Here, we re-examine IAIF in light of its foundational, classical model
of voiced (non-nasalized) speech, wherein the overall spectral tilt
is caused only by lip-radiation and glottal effects, while the vocal-tract
transfer function contains formant peaks but is otherwise not tilted.
In contrast, IAIF initially models and cancels the formants after only
a first-order preemphasis of the speech signal, which is generally
not enough to completely remove spectral tilt.
Iterative optimal
preemphasis (IOP) is therefore proposed to replace IAIF’s initial
step. IOP is a rapidly converging algorithm that models a signal (then
inverse-filters it) with one real pole (zero) at a time, until spectral
tilt is flattened. IOP-IAIF is evaluated on sustained /a/ in a range
of voice qualities from weak-breathy to shouted-tense.

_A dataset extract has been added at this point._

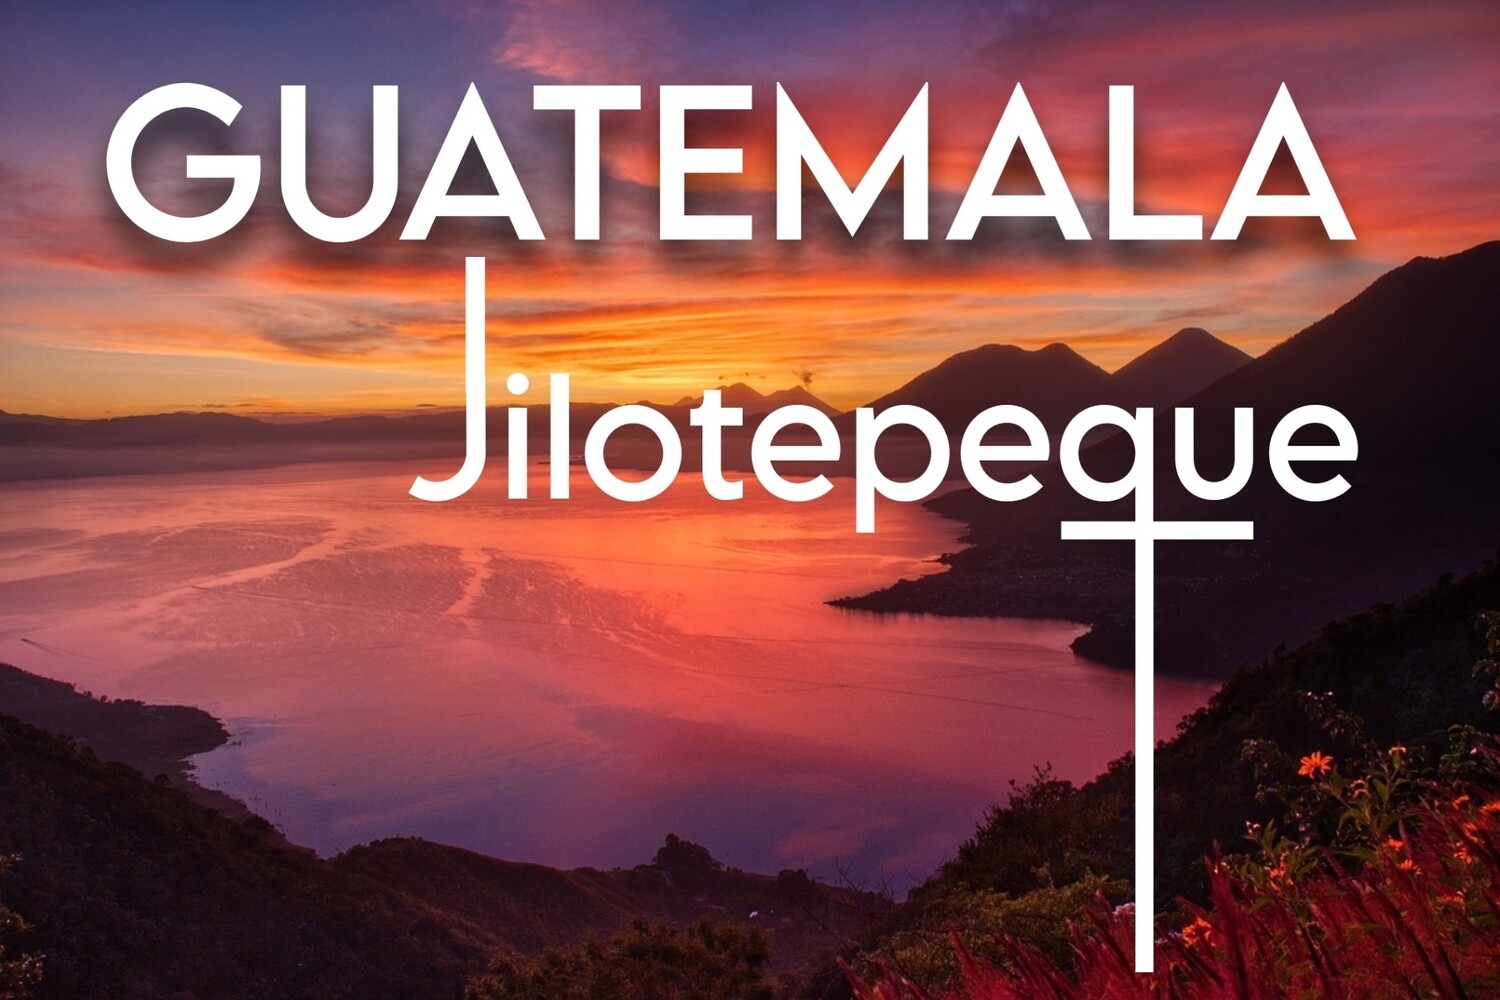 Guatemala Jilotepeque 
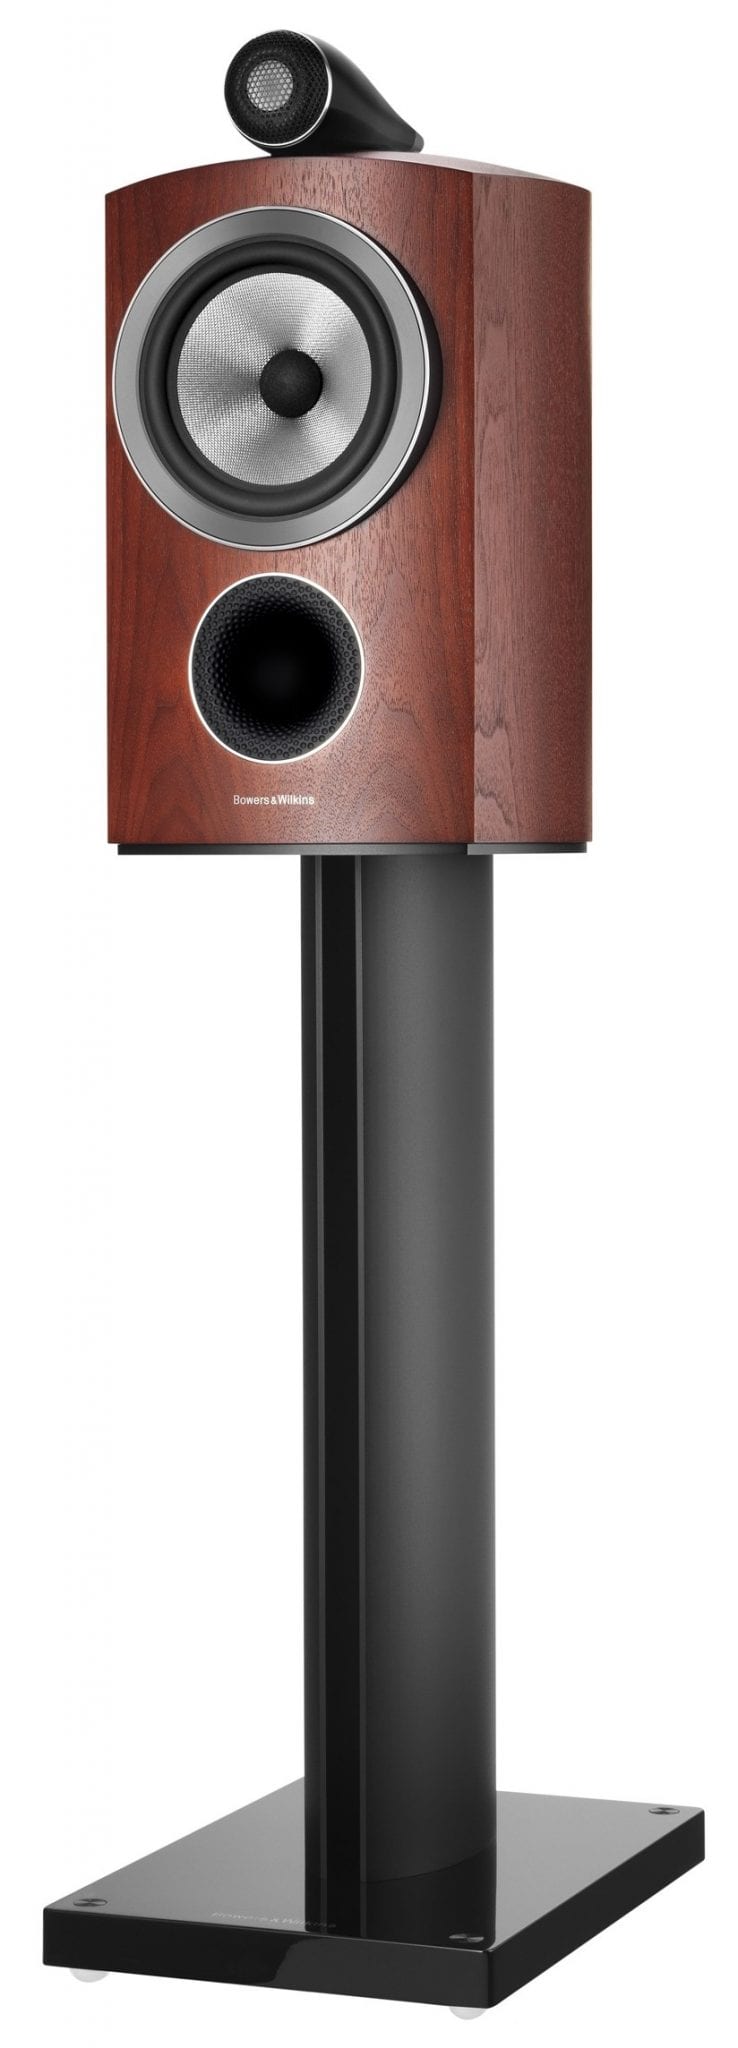 Bowers & Wilkins 805 D3 rosenut - Boekenplank speaker

Compared with
standard IAIF, IOP-IAIF yields: (i) an acceptable glottal flow even
for a weak breathy voice that the standard algorithm failed to handle;
(ii) generally smoother glottal flows that nevertheless retain pulse
shape and closed phase; and (iii) enhanced separation of voice qualities
in both normalized amplitude quotient (NAQ) and glottal harmonic spectra.